In a book I am reading at the moment it says that the expression $$ H = \sqrt{P^2 c^2 + m^2 c^4} $$ can be "formally expanded in inverse powers of $c$" to obtain $$ H = mc^2 + \frac{1}{2m} P^2 + \dots $$ I can get this result in Wolfram Mathematica using the 'Series' function and expanding about $c = \infty$ as in this answer. However, I can not arrive at this result my self, as when I take the Taylor expansion I just get something that goes off to infinity.
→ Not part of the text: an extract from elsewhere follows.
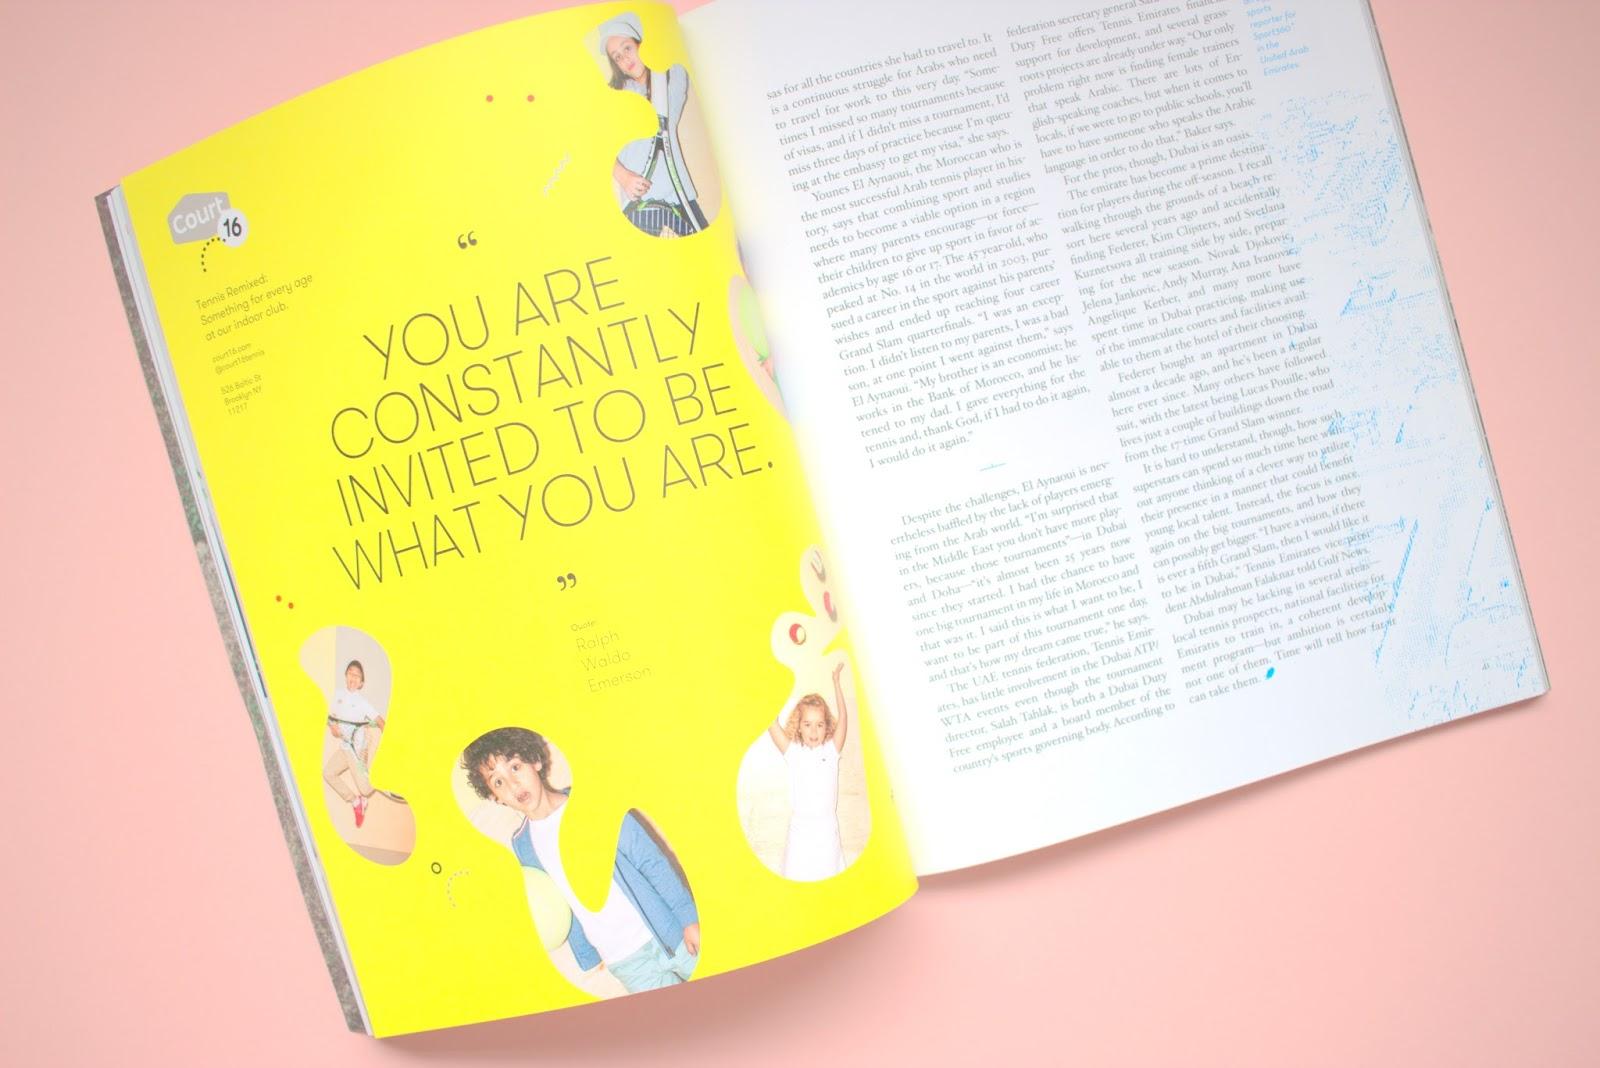 racquet magazine review, tennis magazine, atp, grandslam, indie magazine
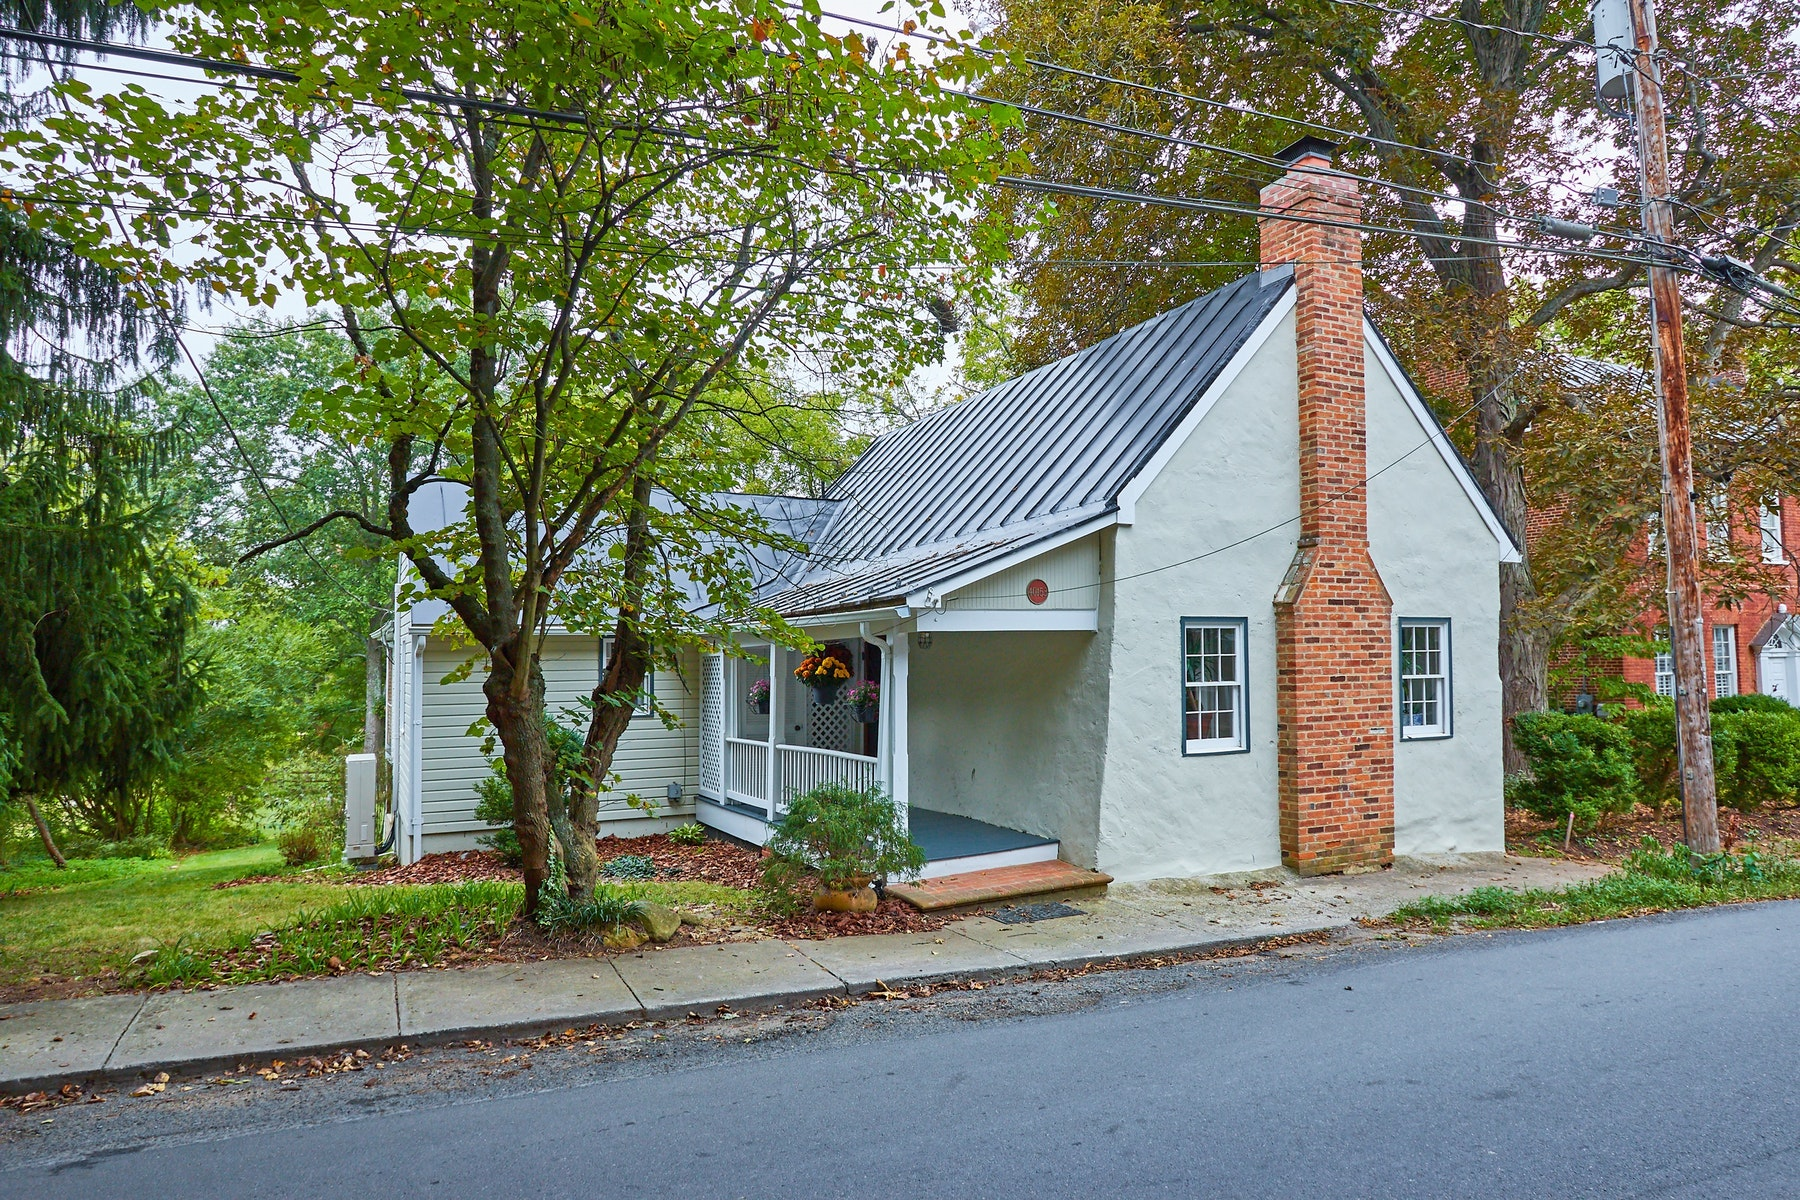 Single Family Homes для того Продажа на The Minnie Jackson House 40153 Main St. Waterford, Виргиния 20197 Соединенные Штаты

If someone could explain how to get this result without software I would be very thankful.

Answer 1

First of all we want to expand around zero, so we have to expand with some factors that goes to zero (considering that the speed of light is huge and we are in non relativistic case, so $v\lt\lt c$). So we rearrange the equation as follows $$E = \sqrt{p^2c^2+m^2c^4} = mc^2\sqrt{1+\left(\frac{p}{mc}\right)^2}$$Now we expand in the variable $u=\frac{p}{mc}$ (I'll leve it to you to understand the physical meaning of this quantity). Basically we have to expand the function $$f(u) = \sqrt{1+u^2}$$ in Taylor series. We have $$f(u)=f(0)+f'(0)u+\frac{f''(0)}{2}u^2\cdots = 1+\left.\frac{u}{\sqrt{1+u^2}}\right|_{u=0}u+\left.\frac{1}{(1+u^2)^{3\over2}}\right|_{u=0}u^2\cdots$$ Then we take up to the second order and substitute back for $u$ and we get $$E\sim mc^2\left(1+\left(\frac{p}{mc}\right)^2\right) = mc^2+\frac{p^2}{2m}$$

Answer 2

Note that $H=mc^2\sqrt{1+\frac{P^2}{m^2c^2}}=mc^2\sqrt{1+\left(\frac P{mc}\right)^2}$. Now you use that Taylor series of $\sqrt{1+x^2}$ about $0$:$$1+\frac{x^2}2-\frac{x^4}8-\frac{x^6}{16}-\cdots$$getting$$mc^2+\frac{P^2}{2m}-\frac{P^4}{8mc^2}-\cdots$$

Answer 3

$$H = \sqrt{P^2 c^2 + m^2 c^4}=mc^2\sqrt{\frac{P^2 c^2 + m^2 c^4}{m^2c^4}}=mc^2\sqrt{1+\frac{P^2 }{m^2c^2}}$$

Now, since $c$ is large, consider $$\sqrt{1+\epsilon}=1+\frac{\epsilon }{2}-\frac{\epsilon ^2}{8}+O\left(\epsilon ^3\right)$$ Replace $\epsilon=\frac{P^2 }{m^2c^2}$ making $$H=mc^2\left( 1+\frac{P^2}{2 c^2 m^2}+O\left(\frac{1}{c^4}\right)\right)=mc^2 +\frac{P^2}{2 m}+O\left(\frac{1}{c^2}\right)$$

Answer 4

With physical concepts of energy and mass for both positive and negative mean, you need to know binomial expansion $$(1+x)^r=1+rx+\dfrac{r(r-1)}{2}x^2+\dfrac{r(r-1)(r-2)}{2\times3}x^3+\dfrac{r(r-1)(r-2)(r-3)}{2\times3\times4}x^4+\cdots$$ then $$H=\sqrt{p^2c^2+m^2c^4}=\sqrt{m^2c^4}\sqrt{1+\dfrac{p^2}{m^2c^2}}=\sqrt{m^2c^4}\left(1+\dfrac{p^2}{m^2c^2}\right)^\frac12$$ now use binomial expansion and find what you want.